TOULOUSE, France (AP) - In a tense standoff, French riot police demanded the surrender Wednesday of a gunman who reportedly boasted of shooting seven victims in an al-Qaida-linked terror spree aimed at "bringing France to its knees."
Hundreds of heavily armed police cordoned off streets around an apartment building in the southwestern city of Toulouse after a pre-dawn raid to arrest the suspect, Mohamed Merah, erupted into a firefight. Three police were wounded, the suspected holed up in the apartment and negotiations with the 24-year-old Frenchman of Algerian descent dragged on for hours.
Prosecutor Francois Molins said Merah was a self-taught radical Salafi who expressed glee at killing three Jewish children, a rabbi and three French paratroopers. Merah had been to Afghanistan twice and had trained in the Pakistani militant stronghold of Waziristan, he said.
Merah was planning to kill another soldier imminently, so police had to launch the 3 a.m. raid, Molins said.
In the negotiations, Merah "expresses no regret, only that he didn't have time to have more victims. And he even bragged, he said, of bringing France to its knees," the prosecutor said.
Late Wednesday, Interior Minister Claude Gueant told France-2 TV that Merah planned to turn himself in at night "to be more discreet." Nearby street lights were turned off.
The gunman's brother and mother were detained early in the day. Molins said the brother, Abdelkader, had been implicated in a 2007 network that sent militant fighters to Iraq.
French authorities - like others in Europe - have long been concerned about "lone-wolf" attacks by young, Internet-savvy militants who self-radicalize online since they are harder to find and track.
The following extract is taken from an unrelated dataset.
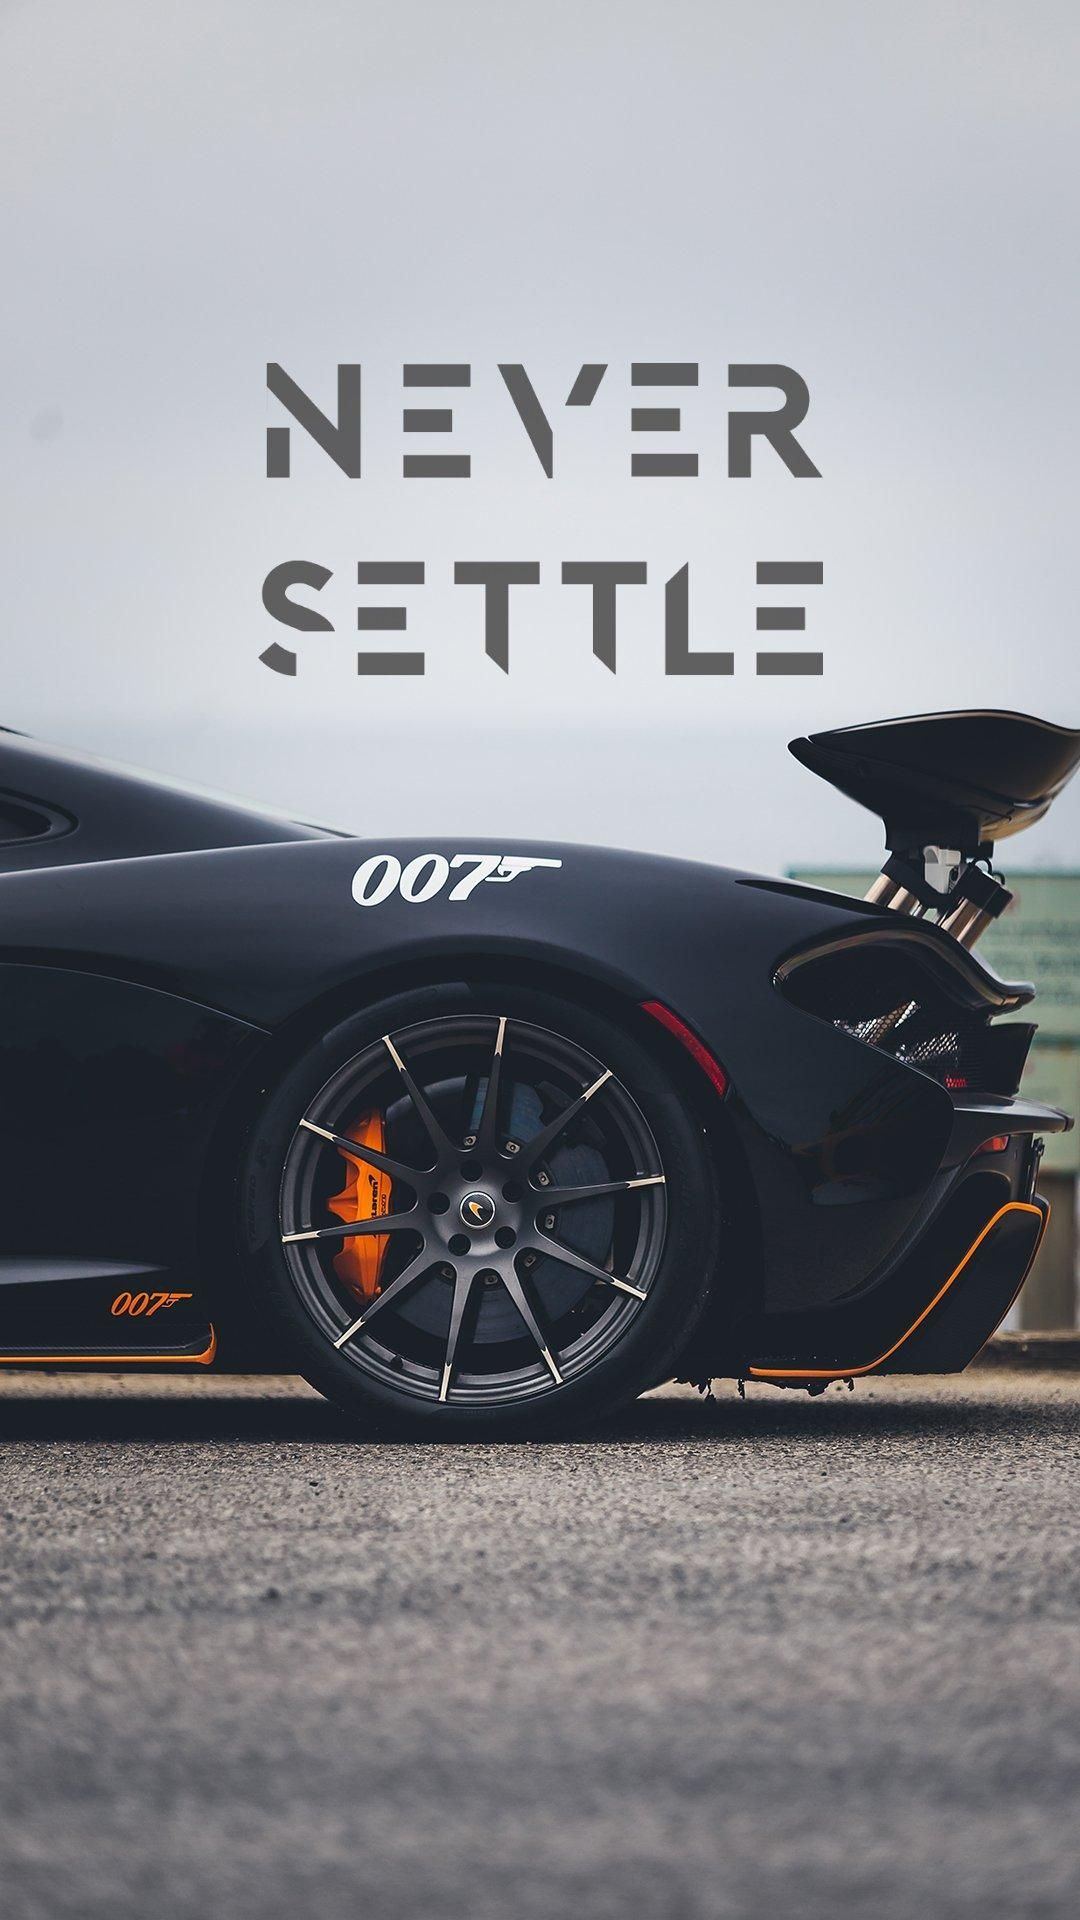 Never Settle. Car wallpaper, Sports car wallpaper, Never settle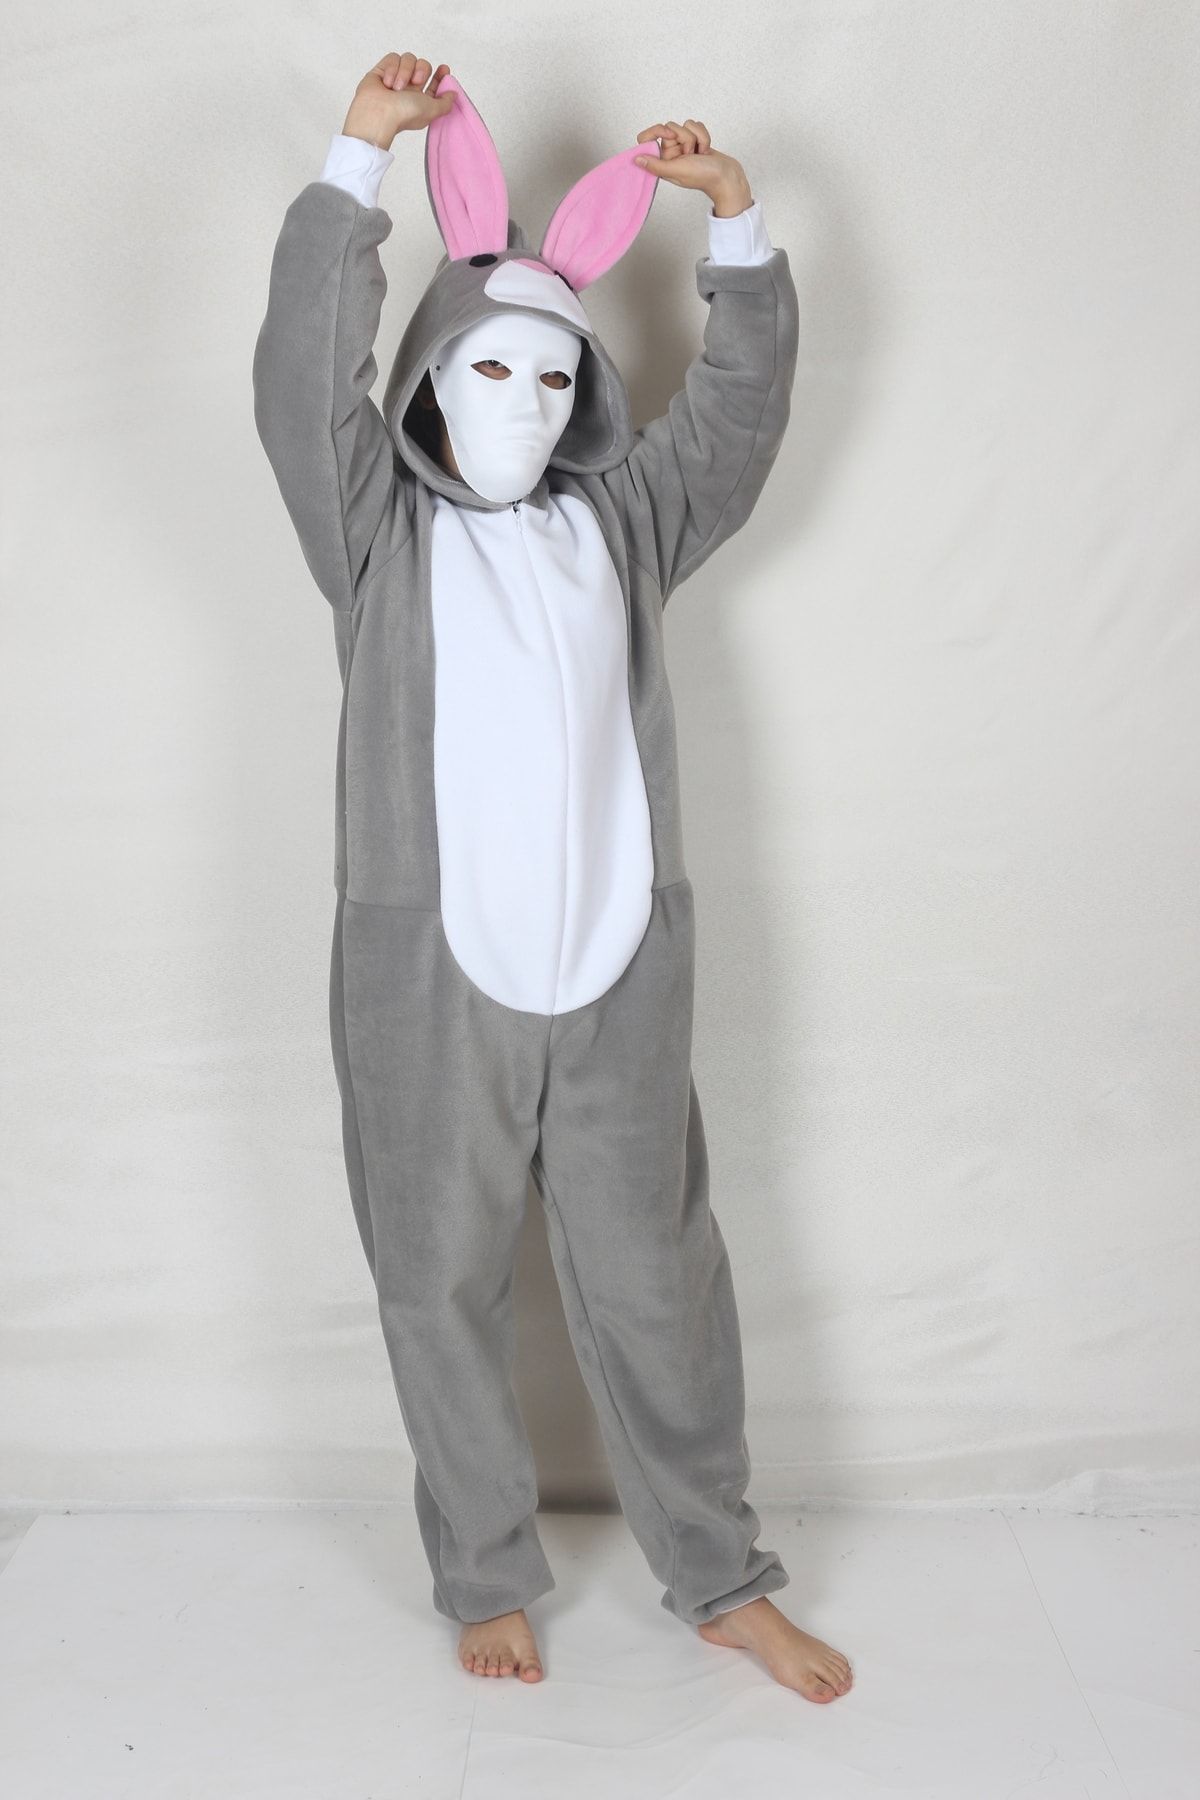 YÜSÜ Yetişkin Tavşan Kostümü Hayvan Kostümü Rahat Pijama Kostümü

Molins' comments, however, marked the first time a radical Islamic motive has been ascribed to killings in France in years.
Merah told police he belonged to al-Qaida and wanted to take revenge for Palestinian children killed in the Middle East, Gueant said, adding the gunman was also angry about French military intervention abroad.
"He wants to avenge the deaths of Palestinians," Gueant told reporters. "He's (also) after the army."
Molins said Merah's first trip to Afghanistan ended with him being picked up by Afghan police "who turned him over to the American army who put him on the first plane to France."
"He had foreseen other killings, notably he foresaw another attack this morning, targeting a soldier," Molins said, adding also planned to attack two police officers. "He claims to have always acted alone."
An Interior Ministry official, speaking on condition of anonymity, said Merah had been under surveillance for years for having "fundamentalist" Islamic views.
During the standoff, police evacuated the five-story building, escorting residents out using the roof and fire truck ladders. The suspect's apartment was on the ground floor of the postwar building, locals said.
French authorities said Merah threw a Colt .45 handgun used in each of the three attacks out a window in exchange for a device to talk to authorities, but had more weapons like an AK-47 assault rifle. Gueant said other weapons had been found in his car.
"The main concern is to arrest him, and to arrest him in conditions by which we can present him to judicial officials," Gueant added, explaining authorities want to "take him alive ... It is imperative for us."
Delage said a key to tracking Merah was the powerful Yamaha motorcycle he reportedly used in all three attacks - a dark gray one that had been stolen March 6. The frame was painted white, the color witnesses saw in the school attack.
According to Delage, one of his brothers went to a motorcycle sales outfit to ask how to modify the GPS tracker, raising suspicions. The vendor then contacted police, Delage said.